PTG, a new antineoplastic epipodyphyllotoxin

PTG, a new antineoplastic epipodyphyllotoxin

P J Creaven et al. Clin Pharmacol Ther. 1975 Aug.

Abstract

The pharmacology of 4'-demethylepipodophyllotoxin 9-(4,6-0-thenylidene-beta-D-glucopyranoside) PTG, a new anticancer drug, is reported. Six patients with advanced cancer were treated with PTG (67 mg/m2 of body surface area intravenously) specifically labeled with tritium as the first dose of a weekly x 6 course. Recovery of drug in the urine was 44.49 +/- 8.2% of the administered dose in 72 hr, of which 78.7 +/- 5.1% was metabolite. Recovery in the feces was 0 to 10.05% in 4 patients. Plasma decay fitted the equation Cp = Ae(-alphat) + Be(-betat) + Ce(-gammat) by nonlinear least-squares regression. Mean values for the parameters (after infusion) were A 14.3 +/- 5.5, B 9.66 +/- 3.98, C 2.44 +/- 1.33 mug/ml; alpha 2.05 +/- 1.25, beta 0.26 +/- 0.15, gamma 0.038 +/- 0.016 hr(-1).
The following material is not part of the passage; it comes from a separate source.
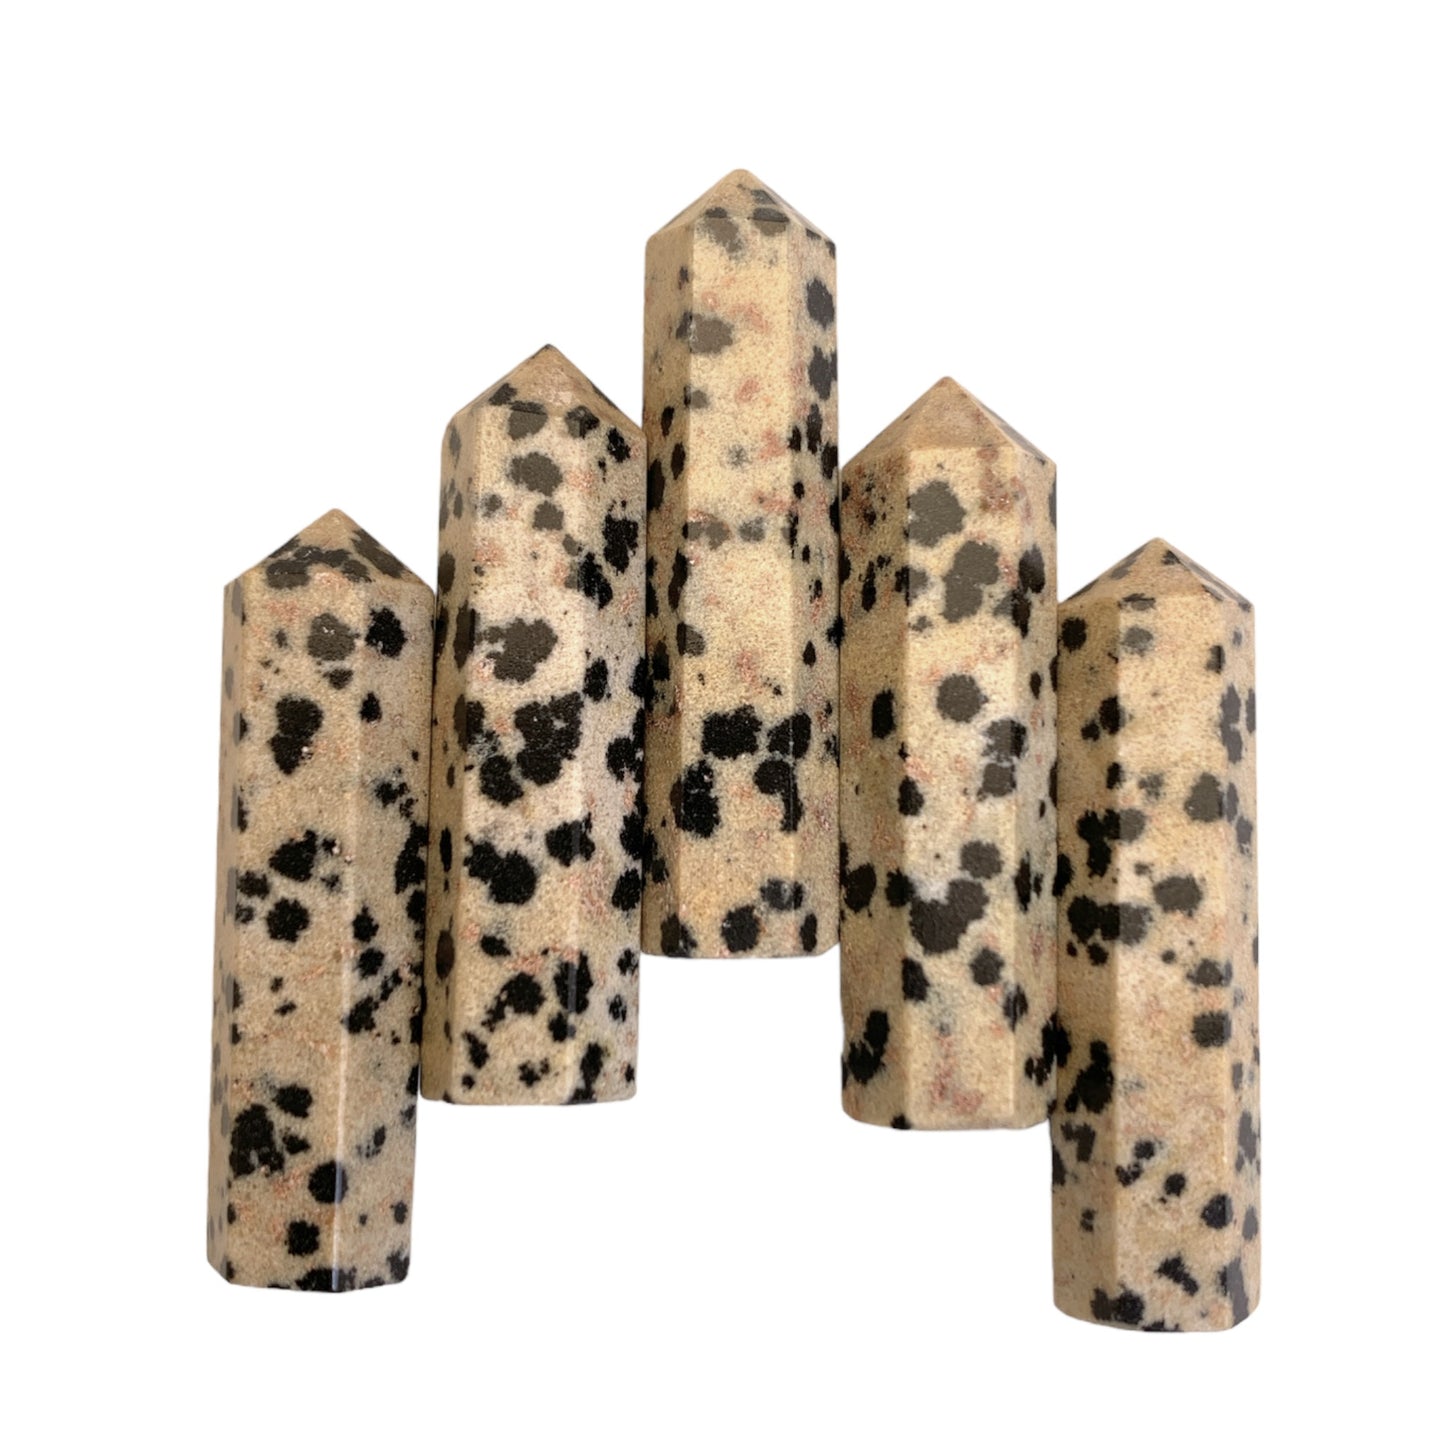 Dalmatian Jasper - 30-35mm - Single Terminated Pencil Points - (retail purchase as singles, wholesale min order 5) - NEW1221 -India

Levels of drug in the cerebrospinal fluid (CSF) were less than 1% of plasma levels in 3 patients at 24 hr after treatment and 27% in 1 patient who had had brain surgery and brain radiotherapy. Four of 4 patients considered evaluable for toxicity (greater than 2 consecutive weekly doses) developed leukopenia (WBC les than 5,000/mm3). Mean nadir of WBC was 3,600/mm3. The most marked leukopenia (WBC, 2,300/mm3) was seen in the patient with the longest terminal phase plasma half-life (38.5 hr). Two of 5 patients evaluable for response received clinical benefit (1 laryngeal carcinoma, 1 histiocytic lymphoma). It is concluded that PTG has a long terminal phase half-life (11-38.5 hr), is largely metabolized, and does not penetrate the normal blood-brain barrier.